● Data block
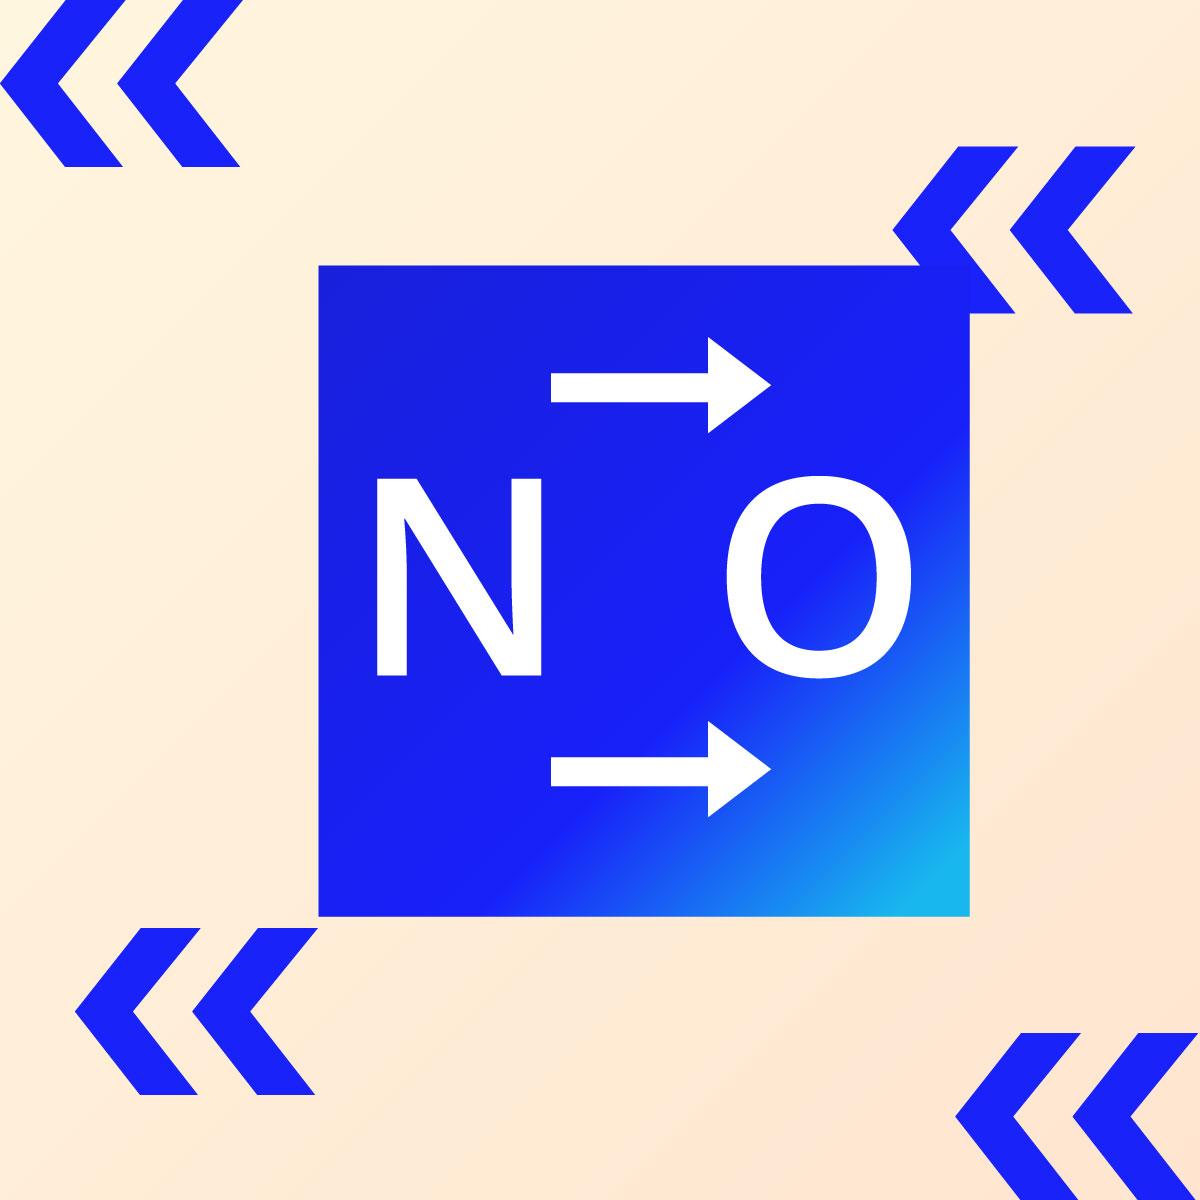 010-NO.jpg
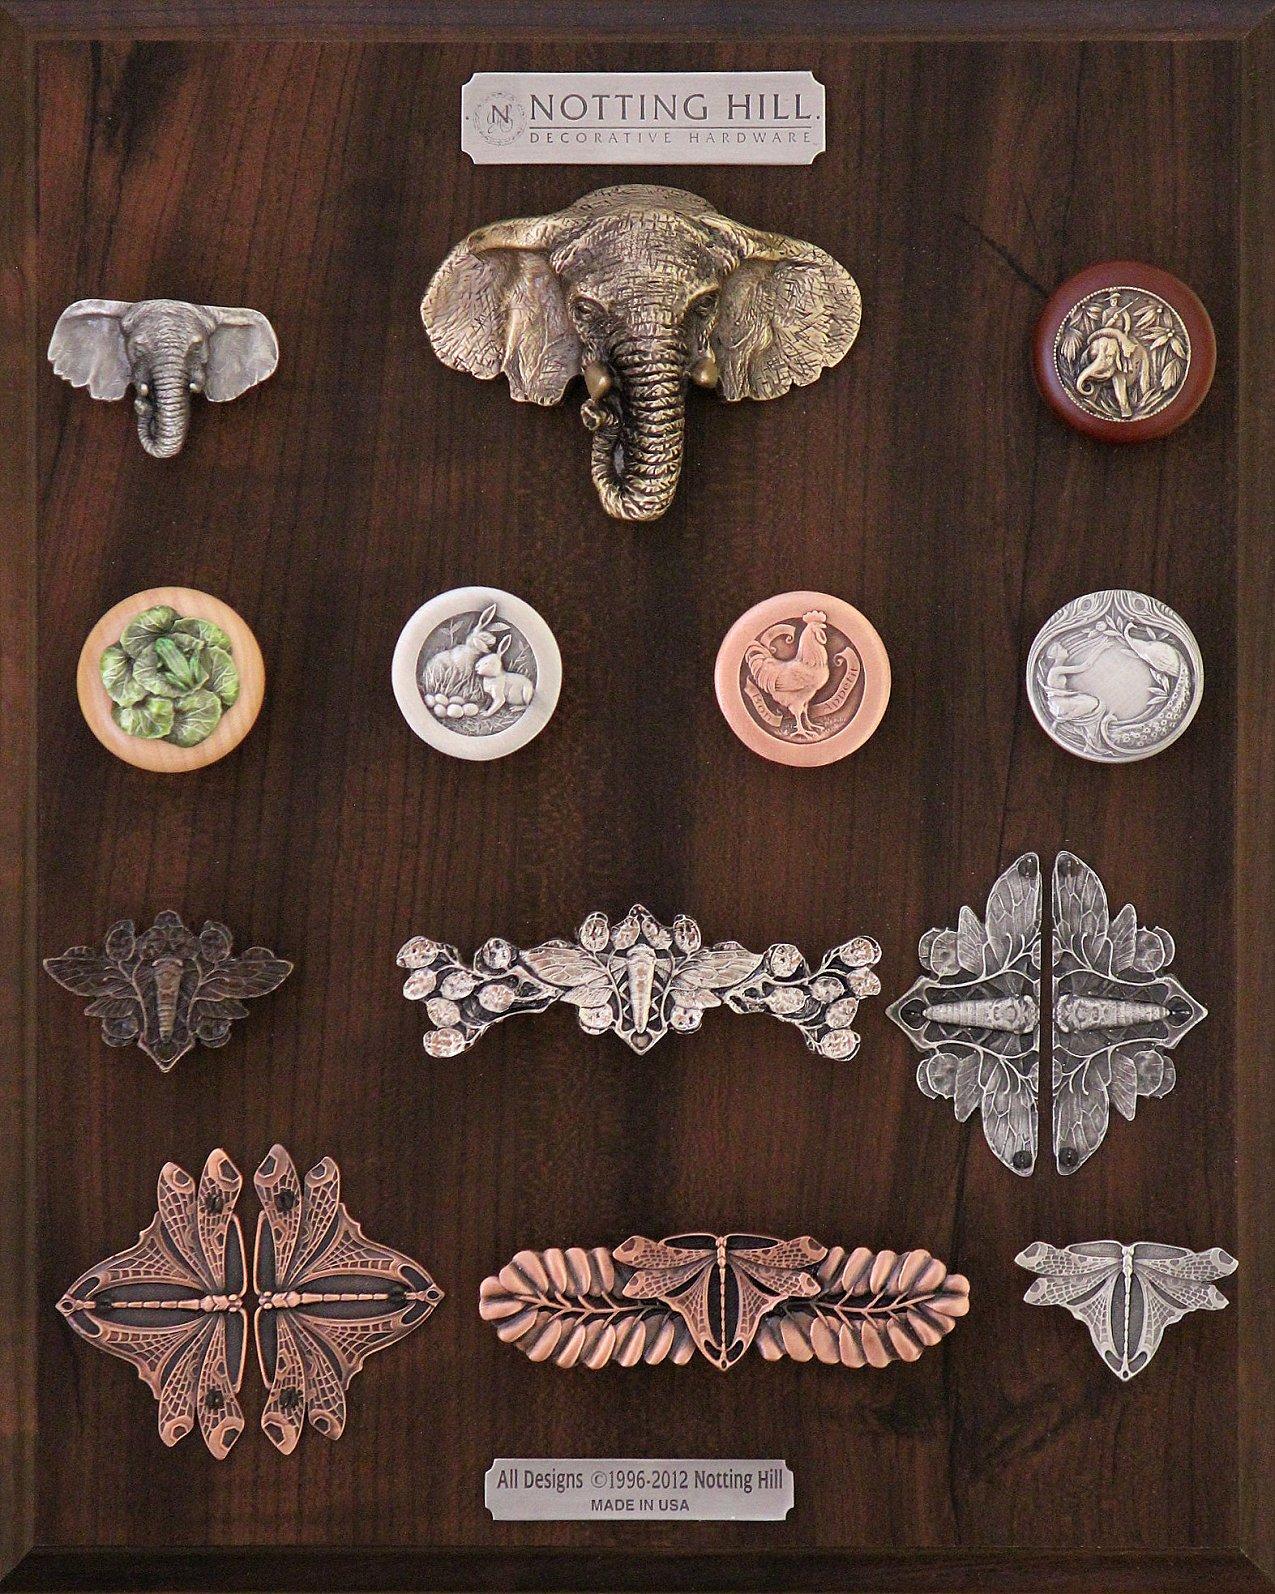 Goliath (Elephant) Knob, Bin Pull; Jungle Patrol Wood Knob, Leap Frog Wood Knob, Rabbits Knob, Rooster Knob, Peacock Lady Knob, Cicada Knob, Pull, Hinge Plate Set; Dragonfly Hinge Plate Set, Pull, Knob.
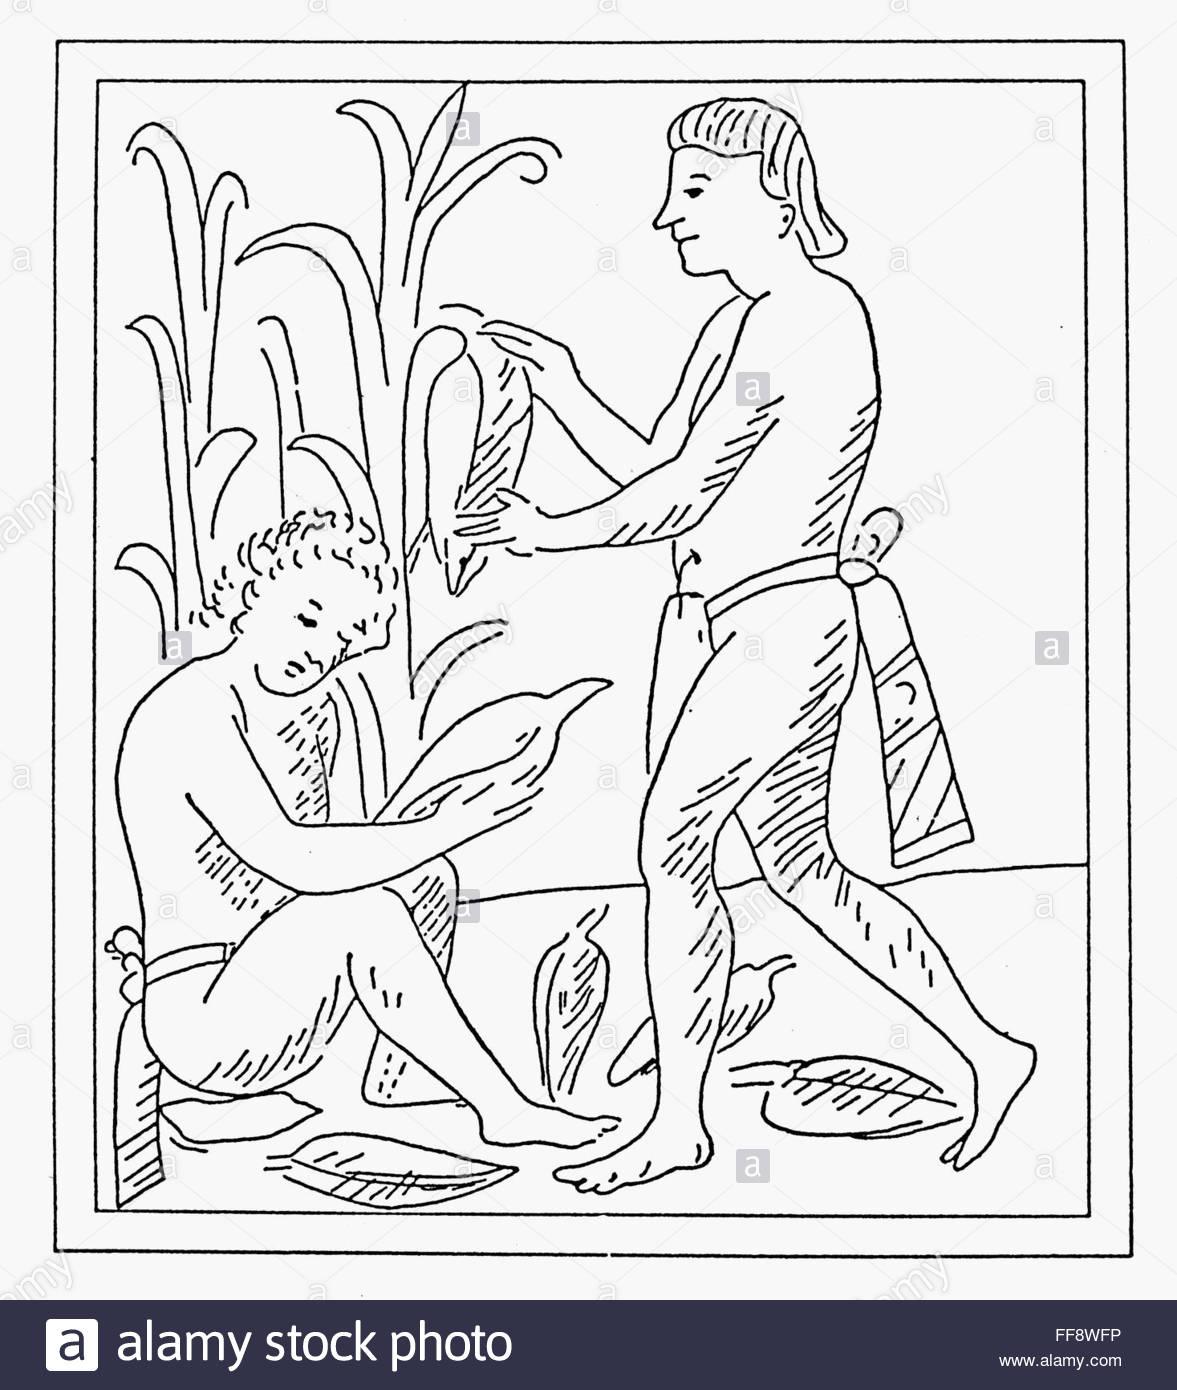 1177x1390 Aztec Farmers. Naztec Farmers Harvesting The Corn Crop. Line

● Exercise brief
Give back the listing exactly, without a single picture.

● Solution for this problem
 010-NO.jpg
 Goliath (Elephant) Knob, Bin Pull; Jungle Patrol Wood Knob, Leap Frog Wood Knob, Rabbits Knob, Rooster Knob, Peacock Lady Knob, Cicada Knob, Pull, Hinge Plate Set; Dragonfly Hinge Plate Set, Pull, Knob.
 1177x1390 Aztec Farmers. Naztec Farmers Harvesting The Corn Crop. Line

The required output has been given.